**REQUIRED ACTION:** The answer must be an exact reprint of the lines from the one with "Adventurer's Horizon Embroidered" through the final line of the data, with no pictures included.

**DATASET SECTION:**
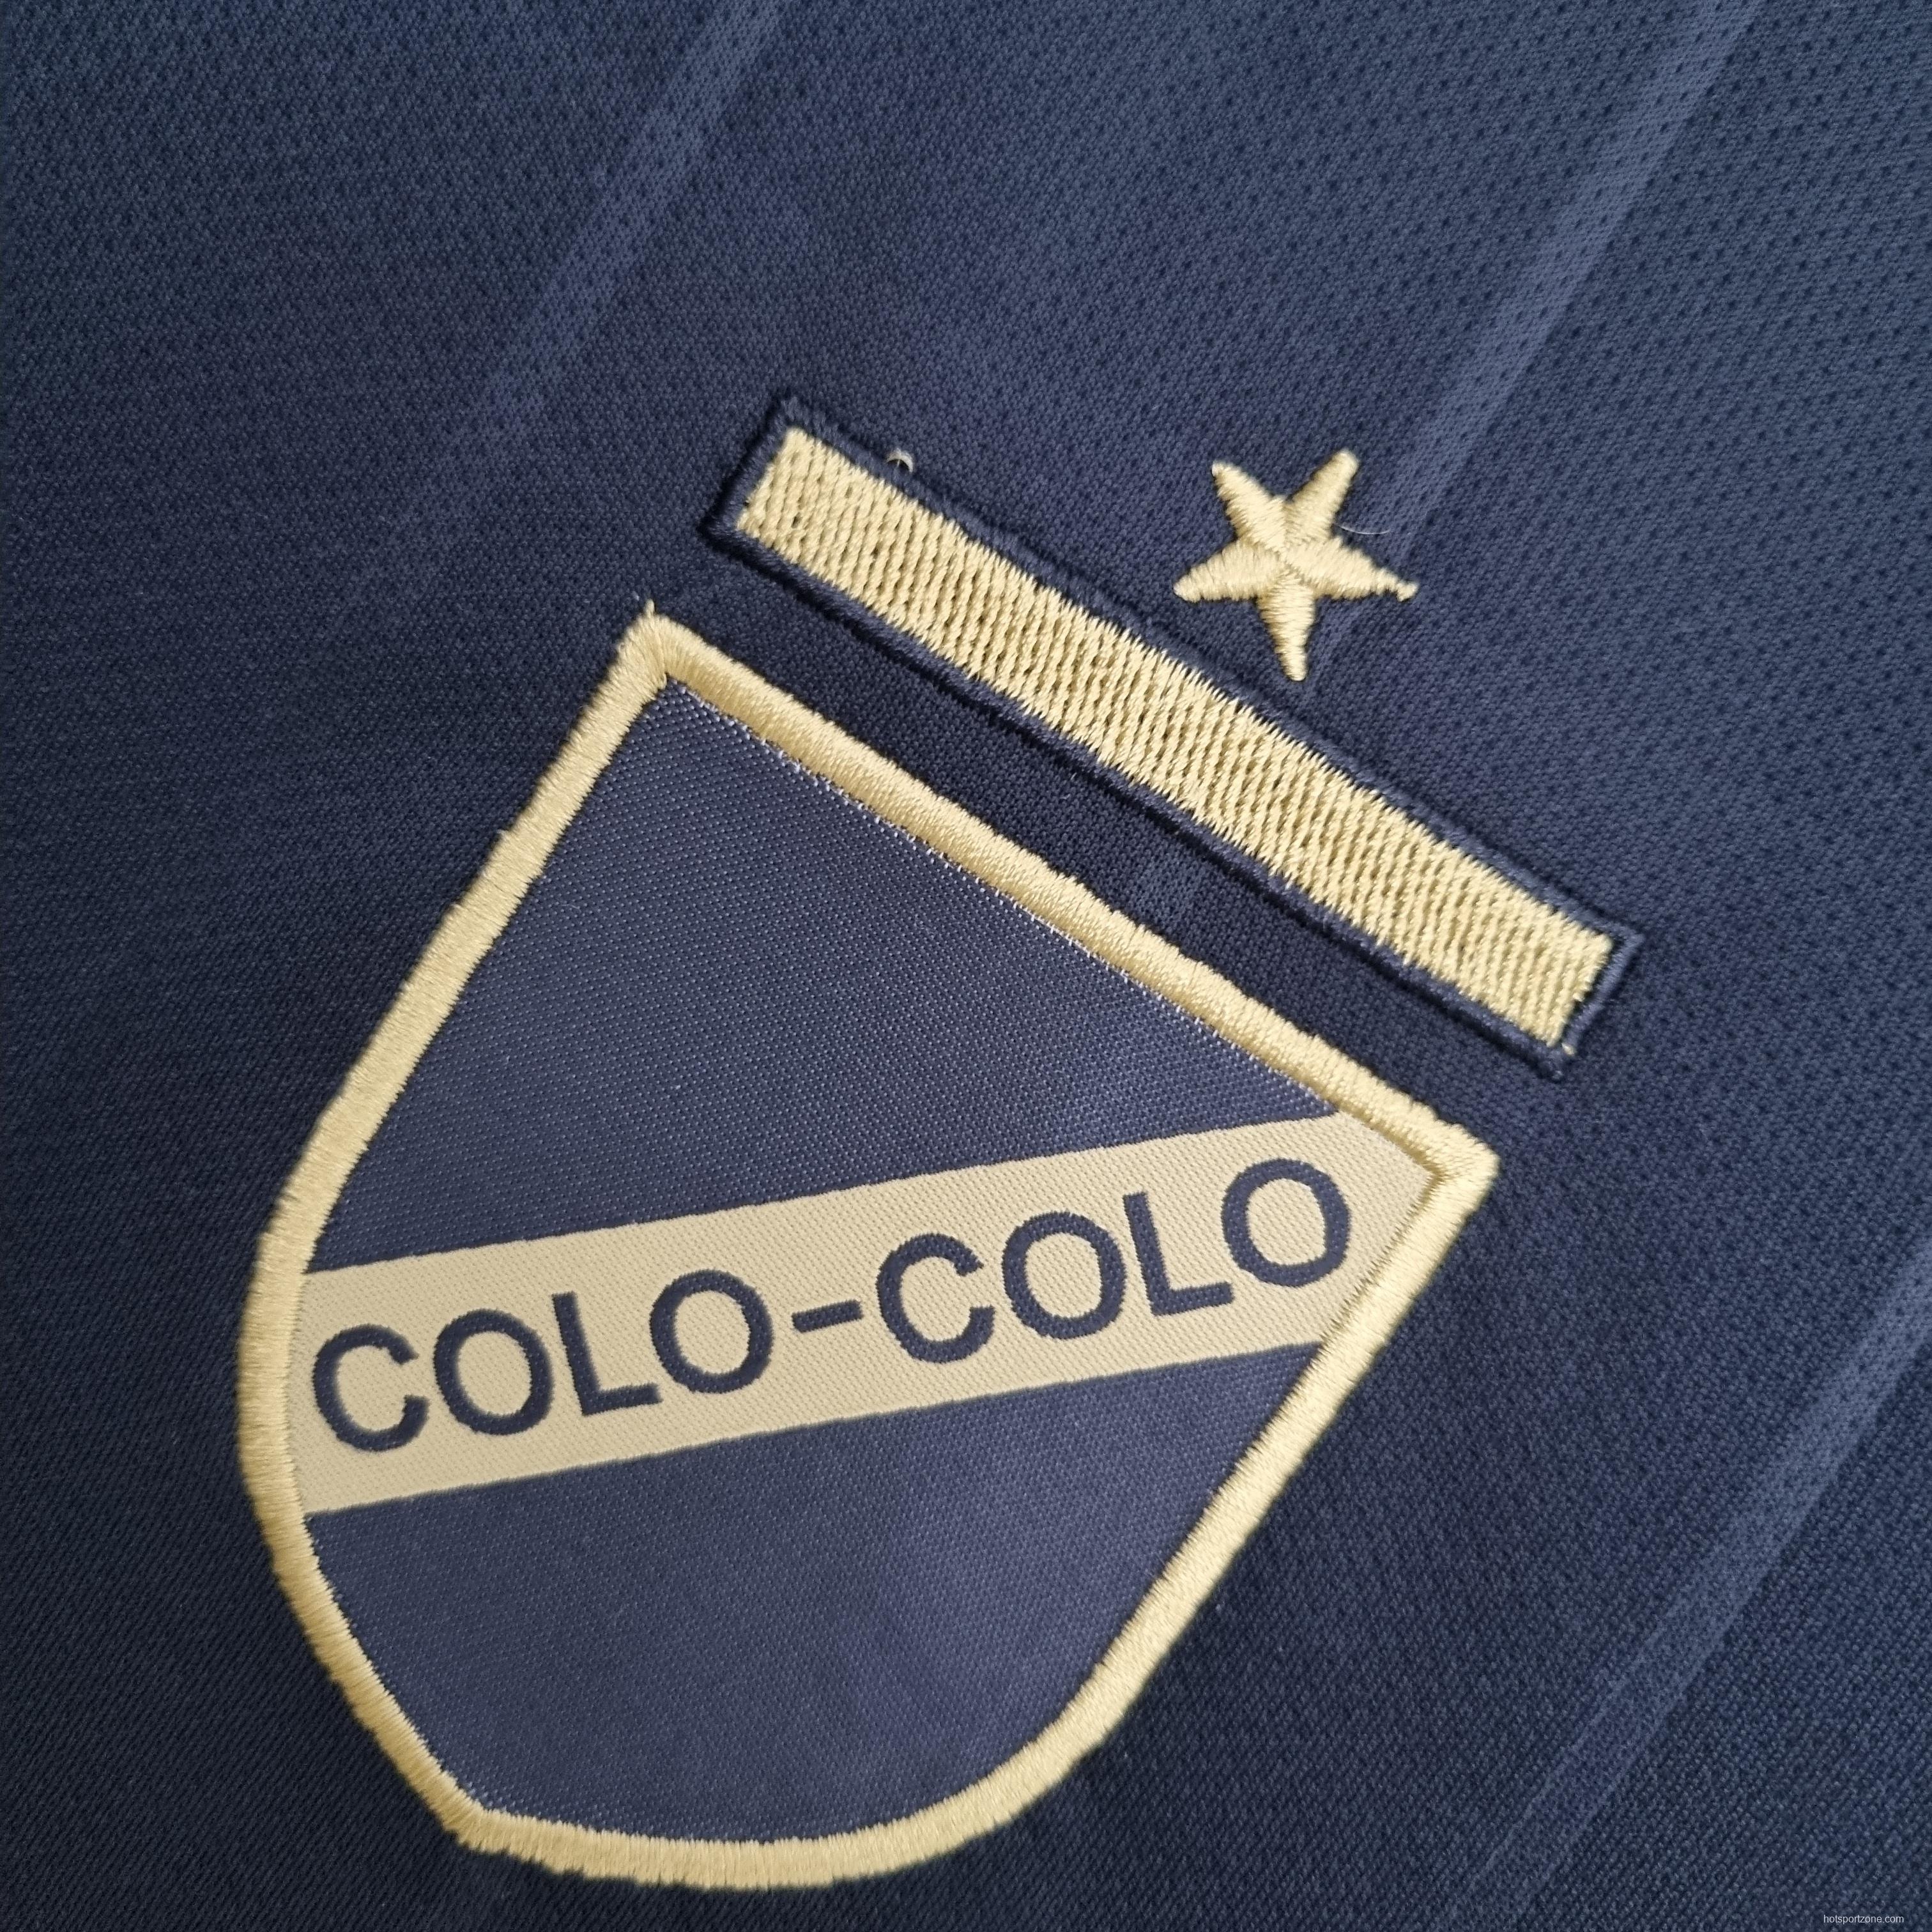 22/23 Colo Colo Commemorative Edition Black Gold Soccer Jersey
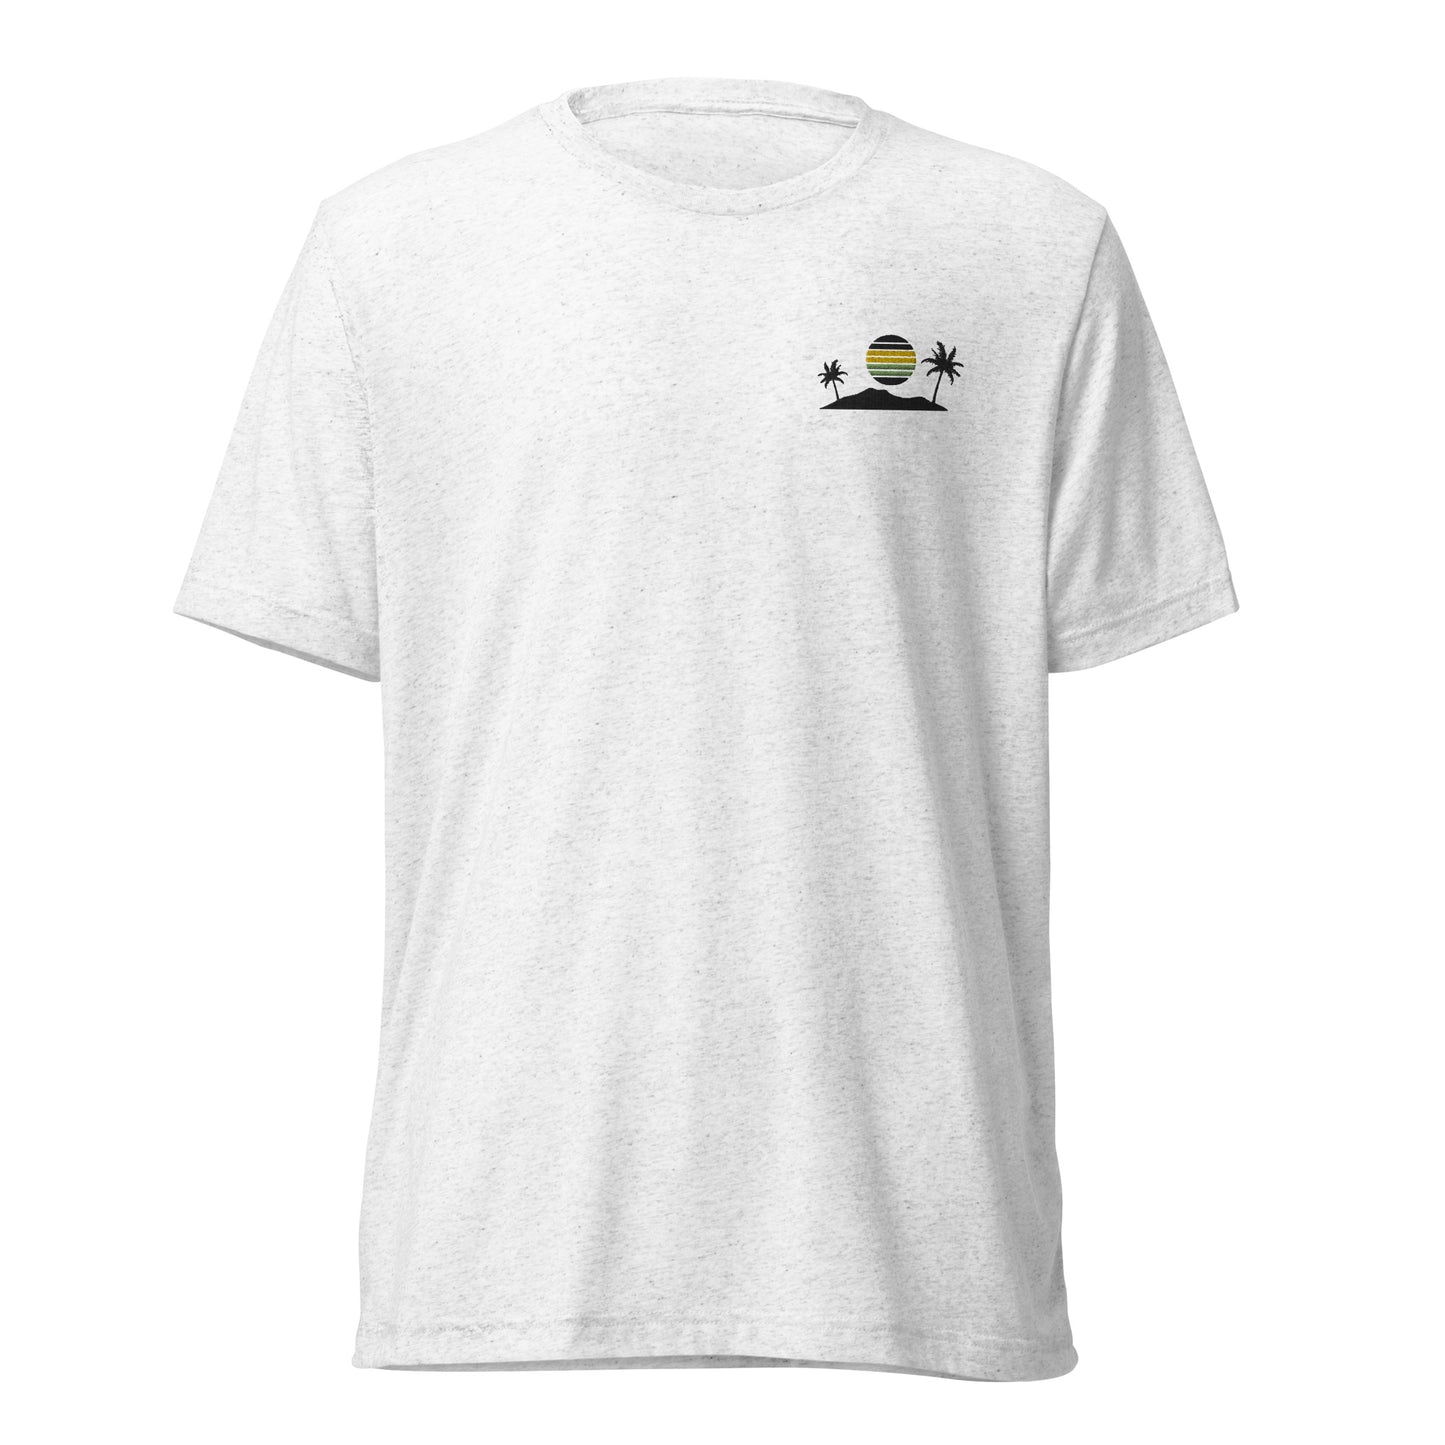 Adventurer's Horizon Embroidered Unisex T-Shirt
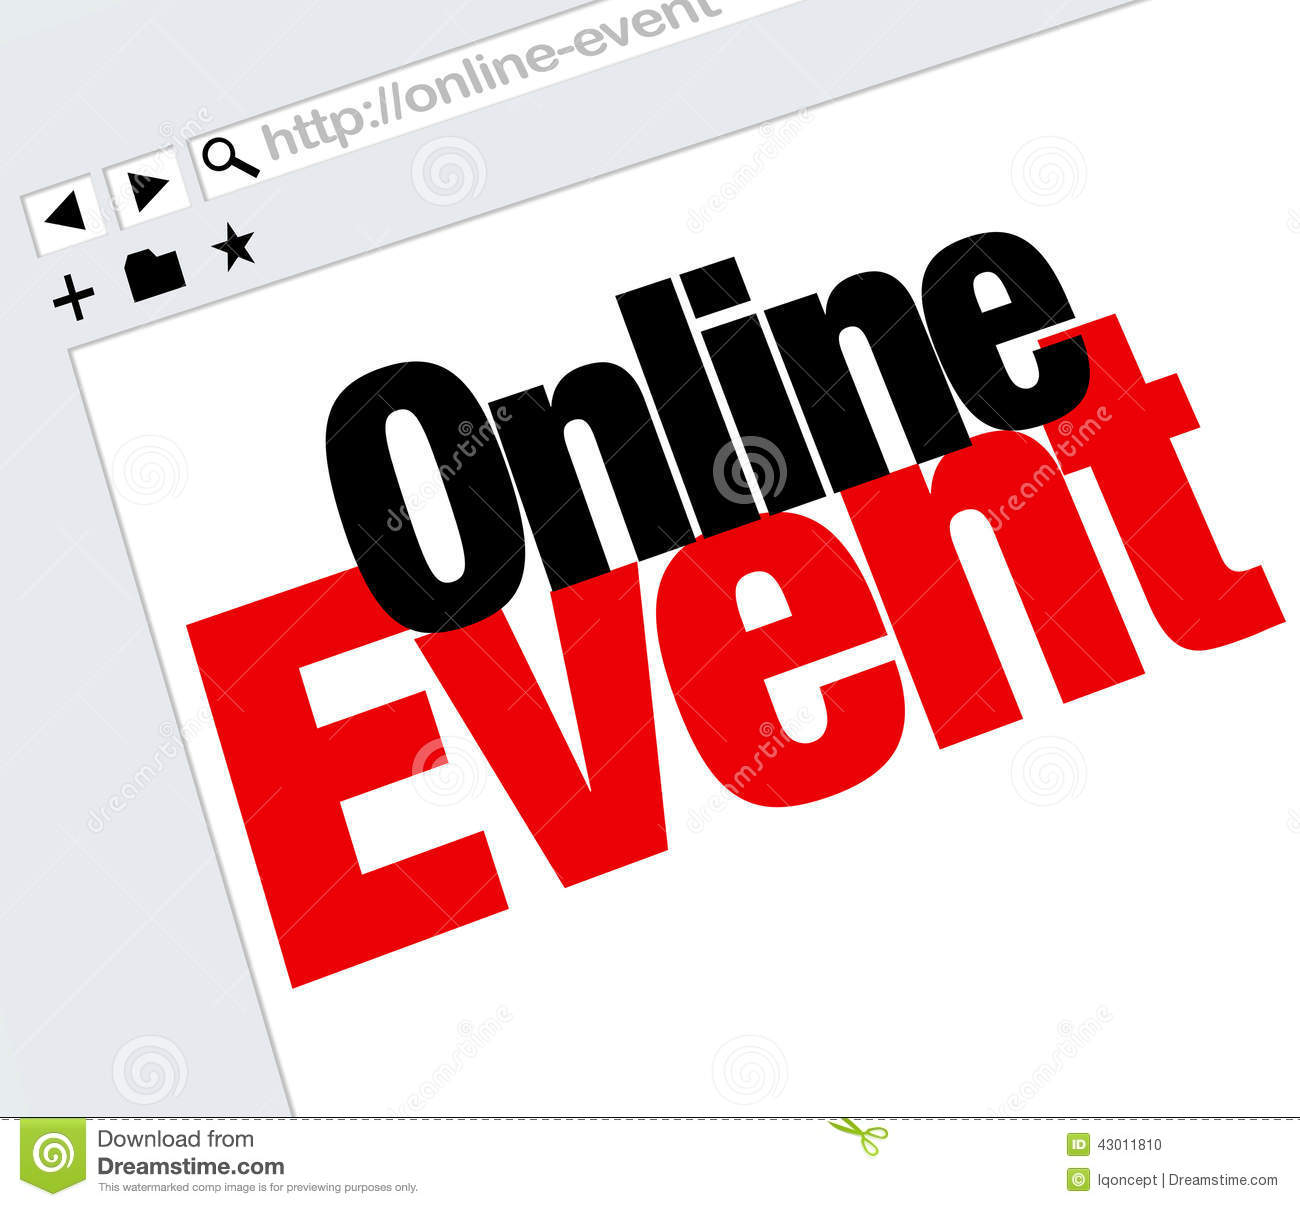 Hosting Online Events
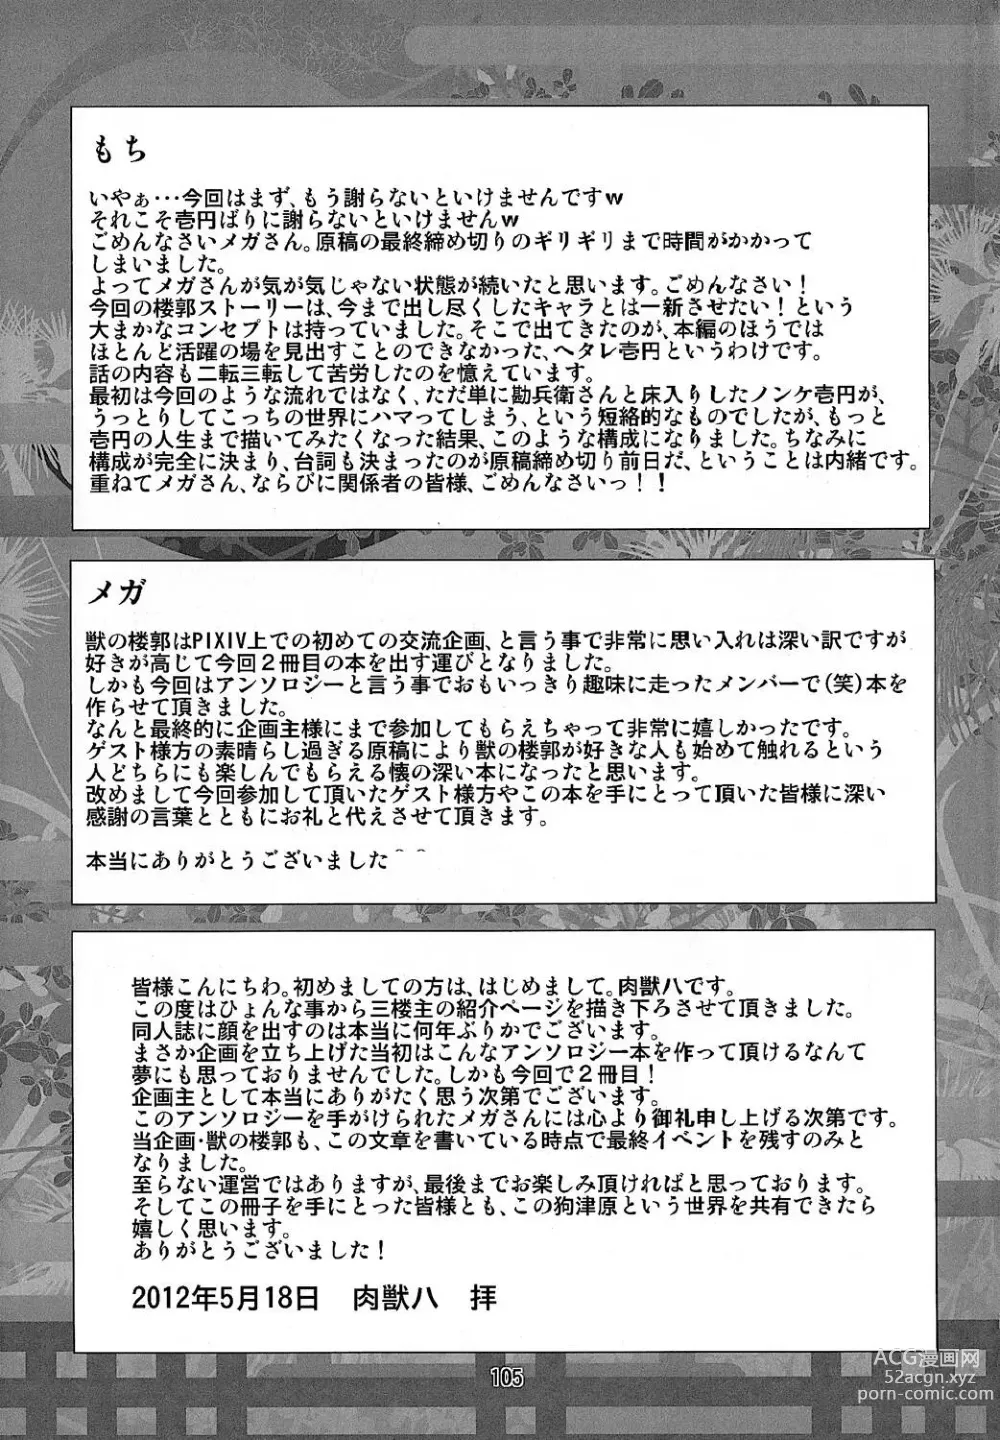 Page 104 of doujinshi Kemono no Roukaku - Utage

**TASK OUTPUT:**
 Adventurer's Horizon Embroidered Unisex T-Shirt
 Hosting Online Events
 Page 104 of doujinshi Kemono no Roukaku - Utage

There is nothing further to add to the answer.